- _WHAT TO DO_: Exactly as written, please repeat the data that follows, but not the pictures.

==== DATA ====

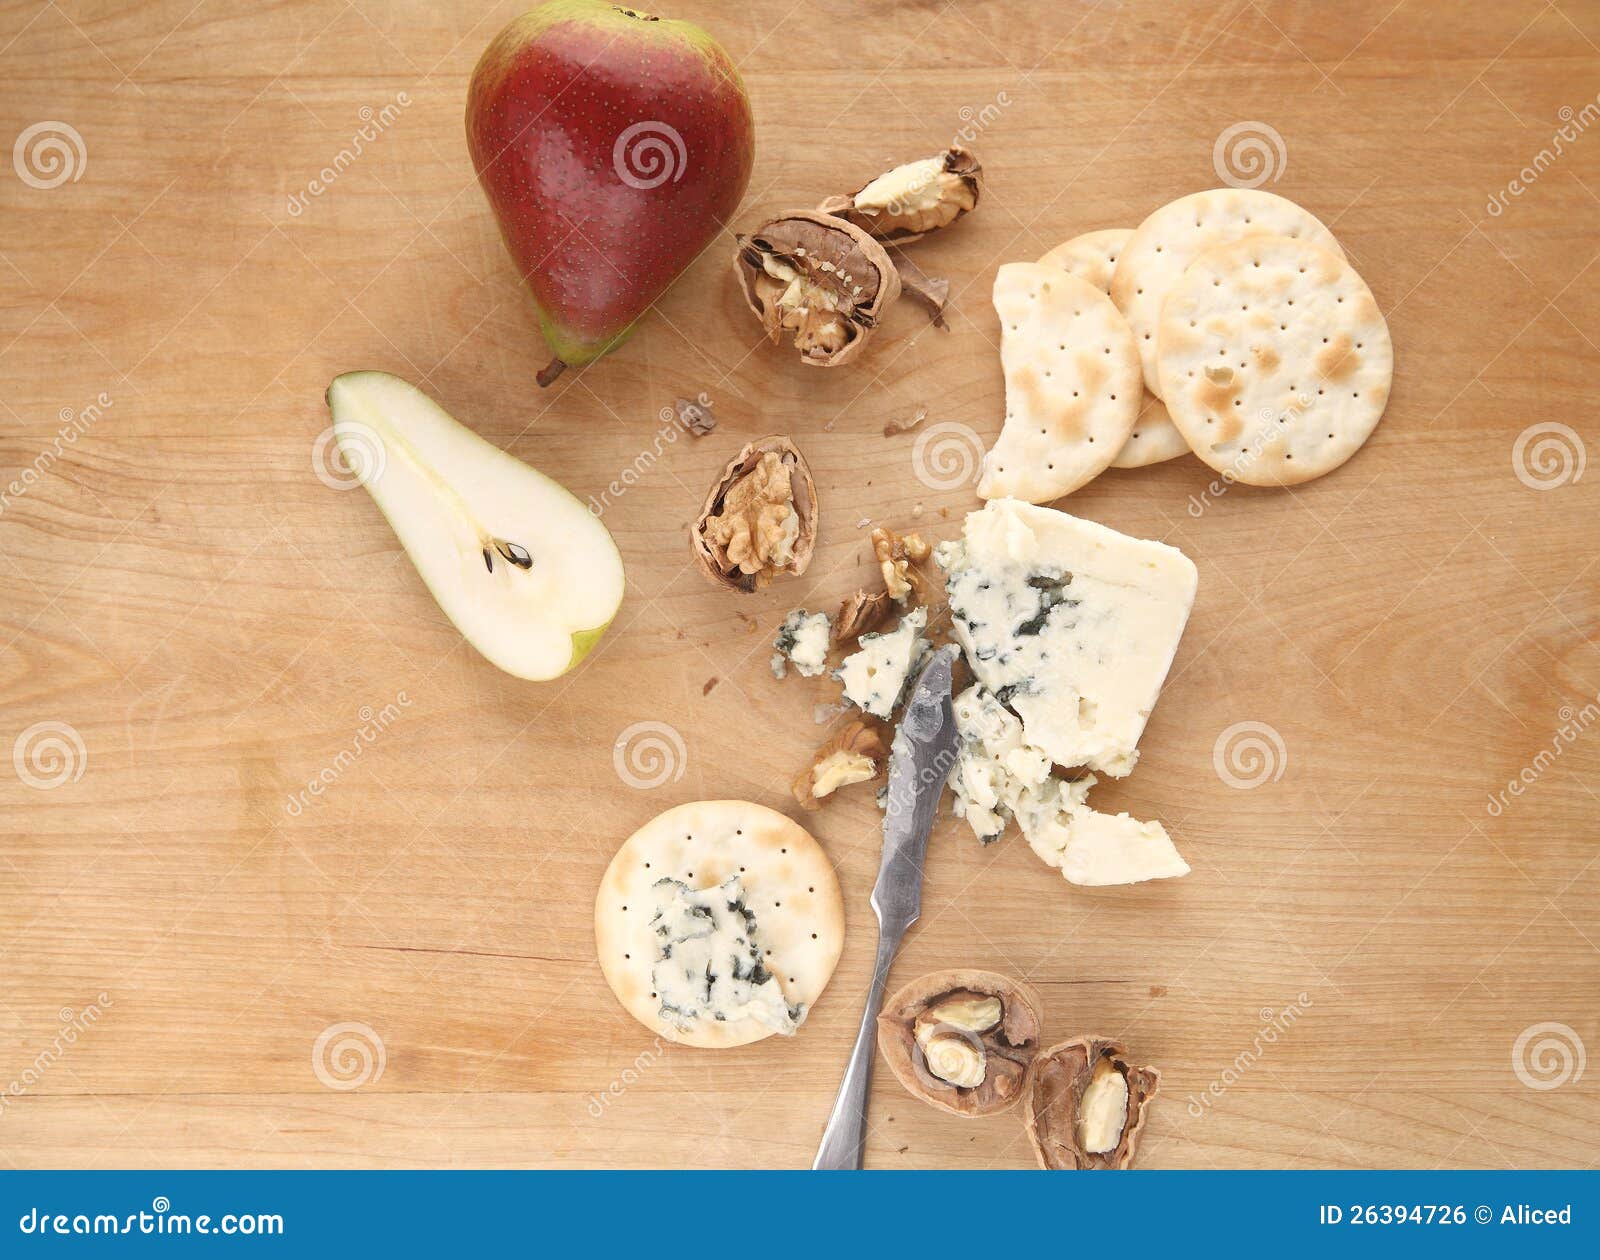 Pears, walnuts and blue cheese. Chunk of blue cheese with crackers, pear and walnuts on a cutting board
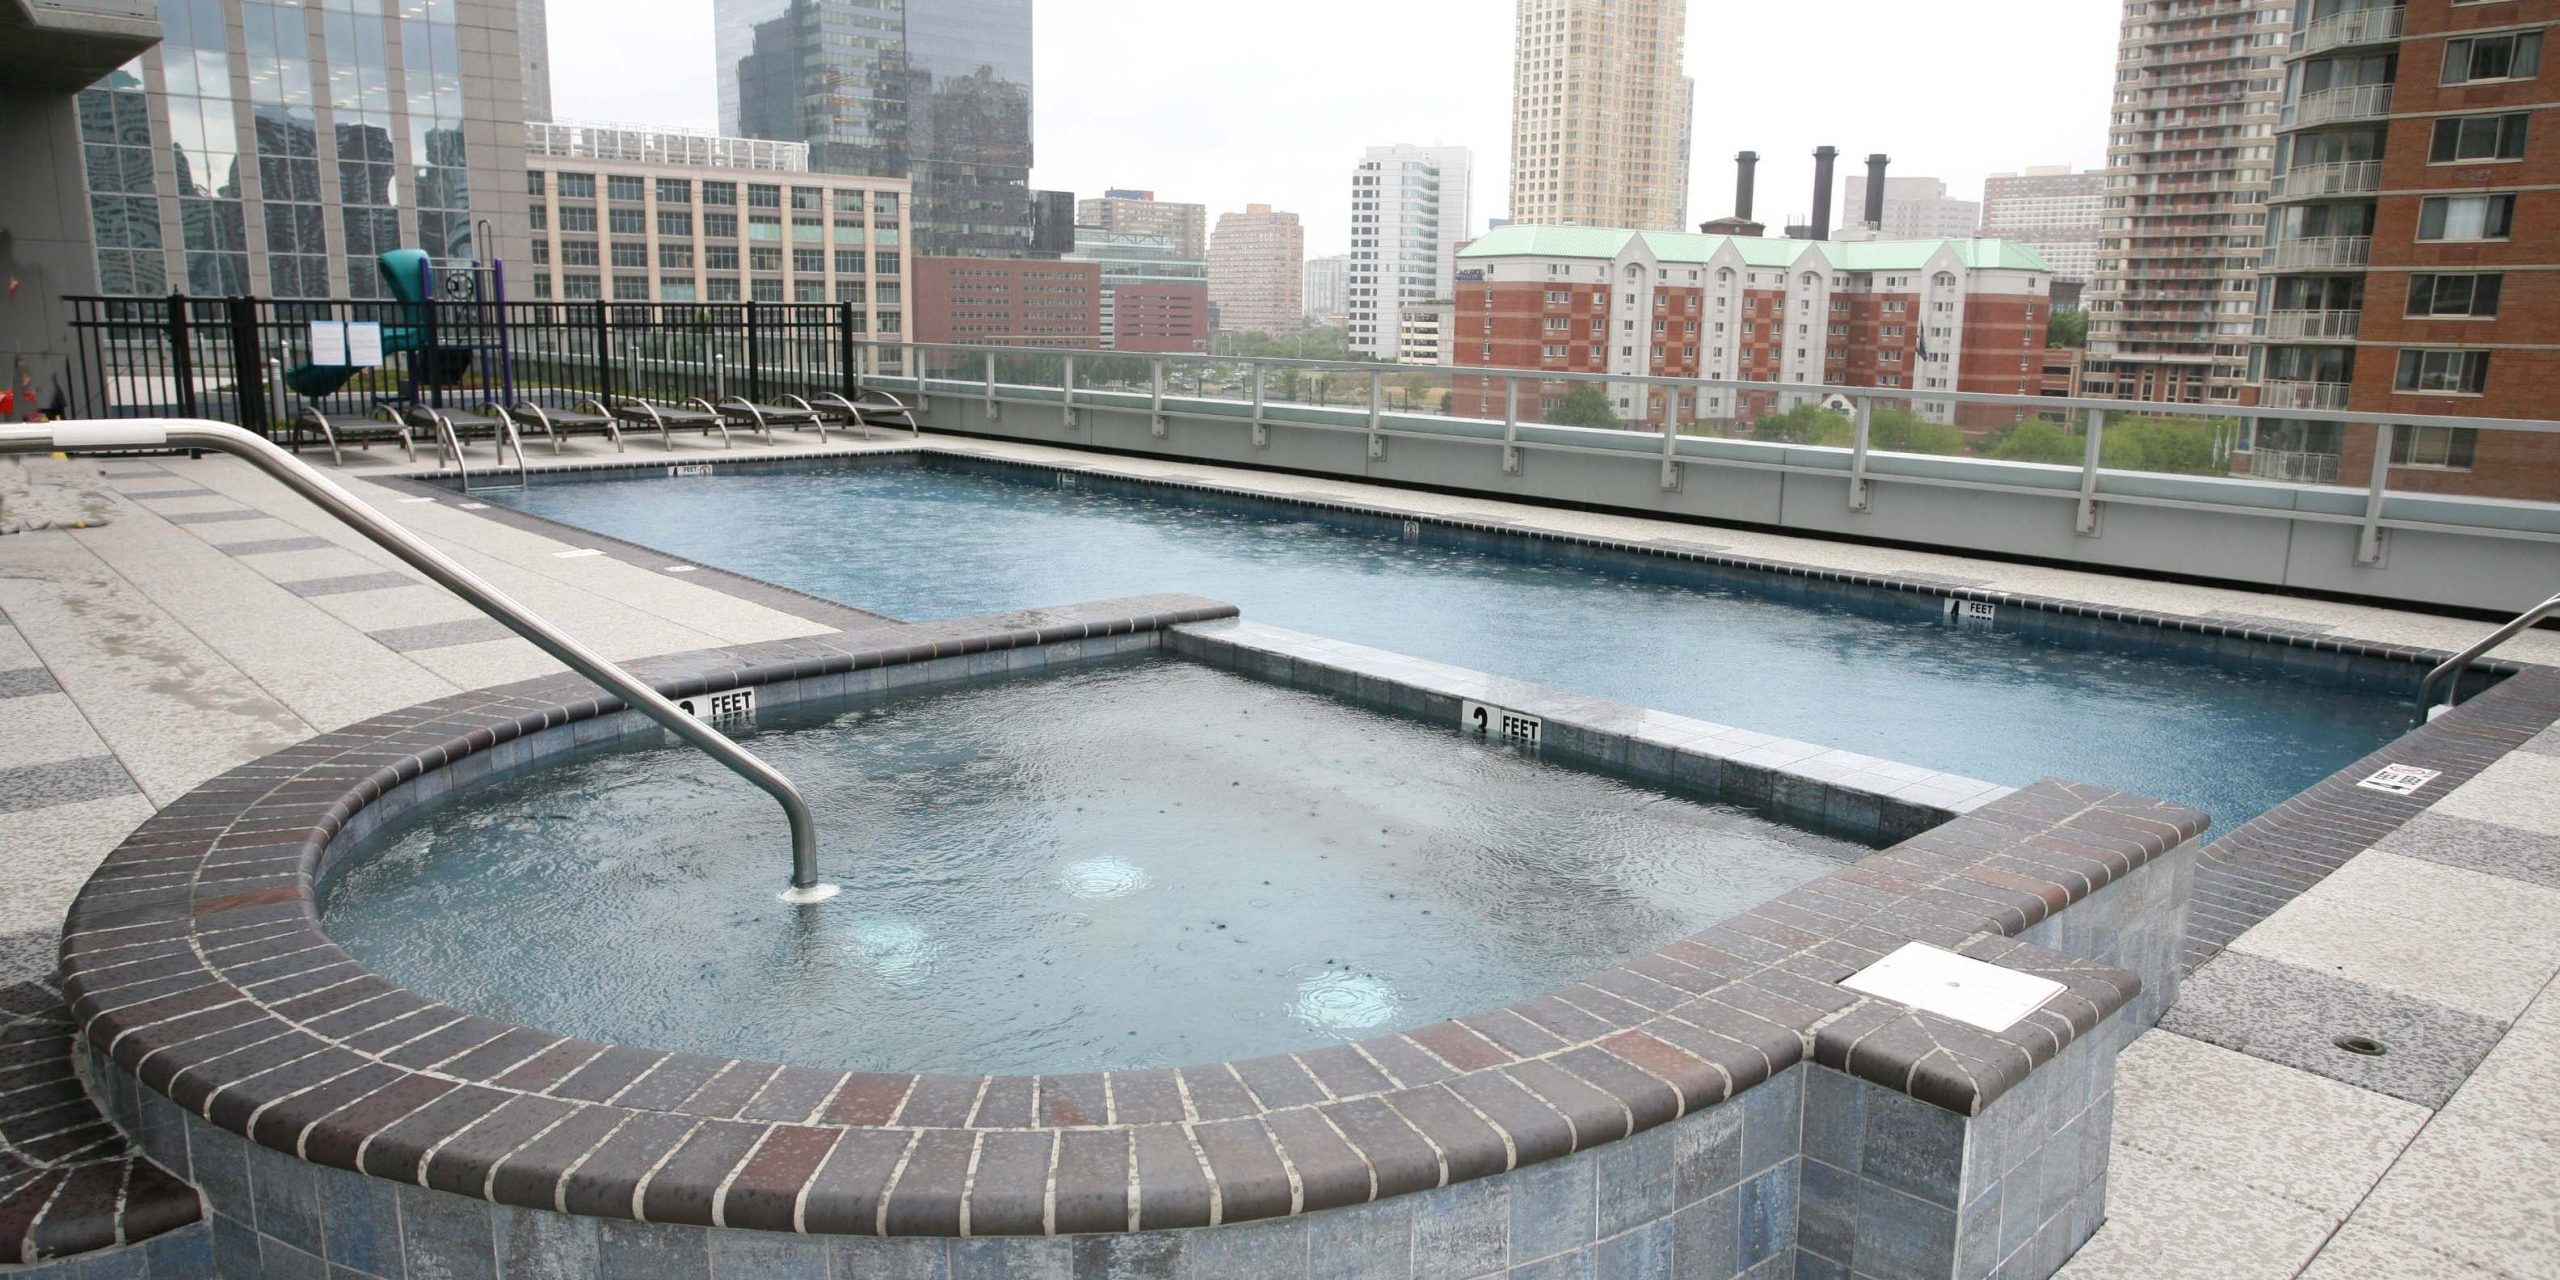 Crystal-Point-2-2nd-St-Jersey-City-Outdoor-Jacuzzi-and-Swimming-Pool-scaled.jpg
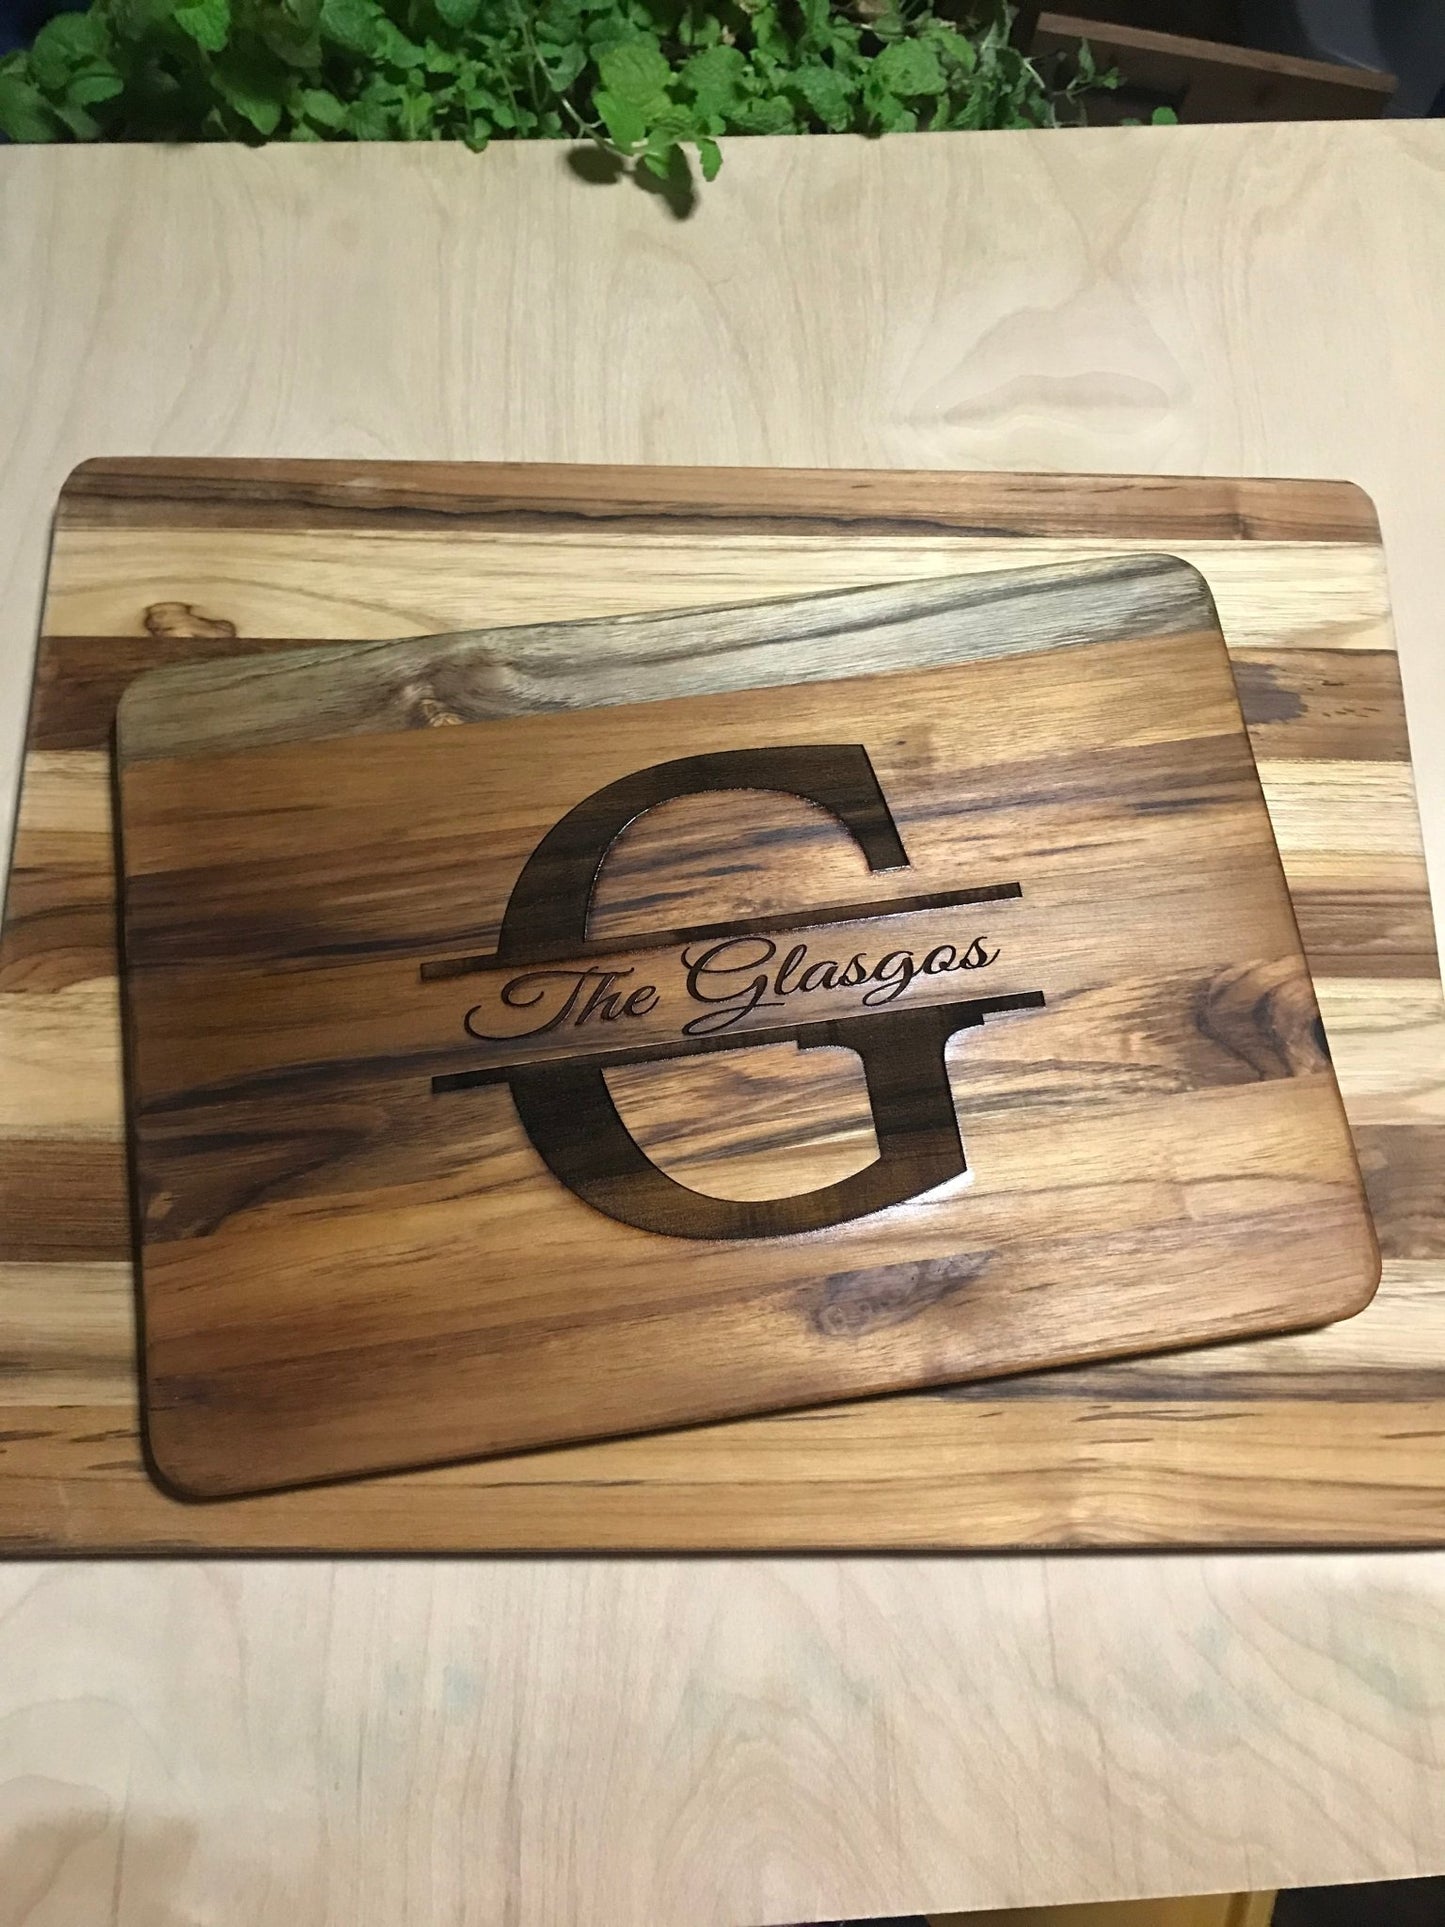 Cutting Boards - Bring your own cutting board to engrave - Gas City Creative Design & Event https://www.facebook.com/gascitycreative/
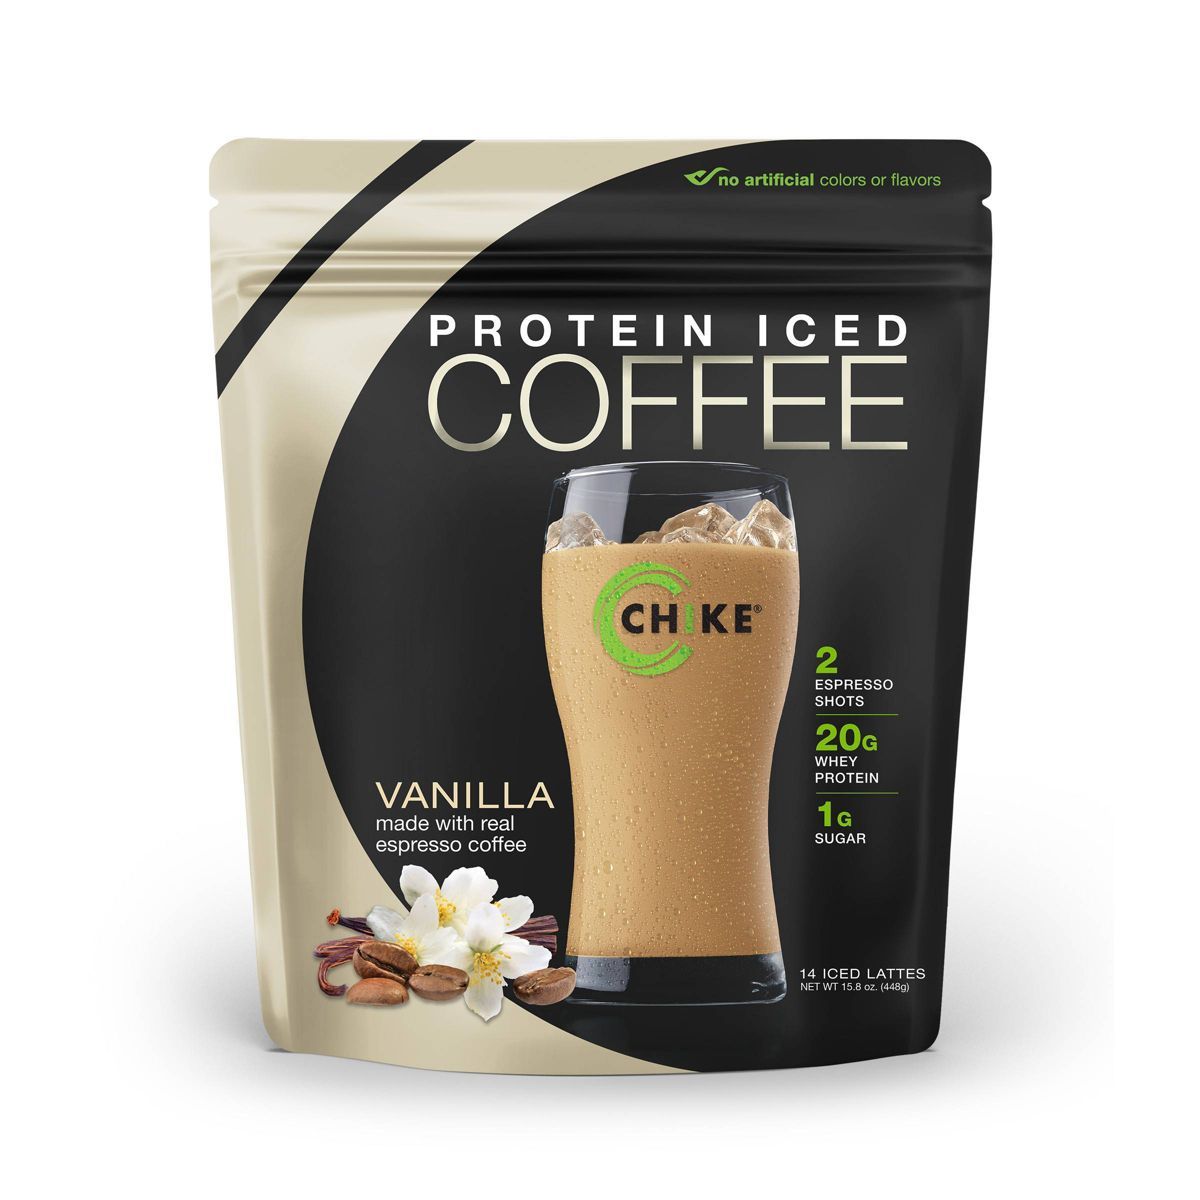 Chike Protein Iced Coffee - Vanilla - 15.8oz (Bag) | Target

====

- _RESULT FOR THIS TASK_:
 Pears, walnuts and blue cheese. Chunk of blue cheese with crackers, pear and walnuts on a cutting board
 Crystal-Point-2-2nd-St-Jersey-City-Outdoor-Jacuzzi-and-Swimming-Pool-scaled.jpg
 Cutting Boards - Bring your own cutting board to engrave - Gas City Creative Design & Event https://www.facebook.com/gascitycreative/
 Chike Protein Iced Coffee - Vanilla - 15.8oz (Bag) | Target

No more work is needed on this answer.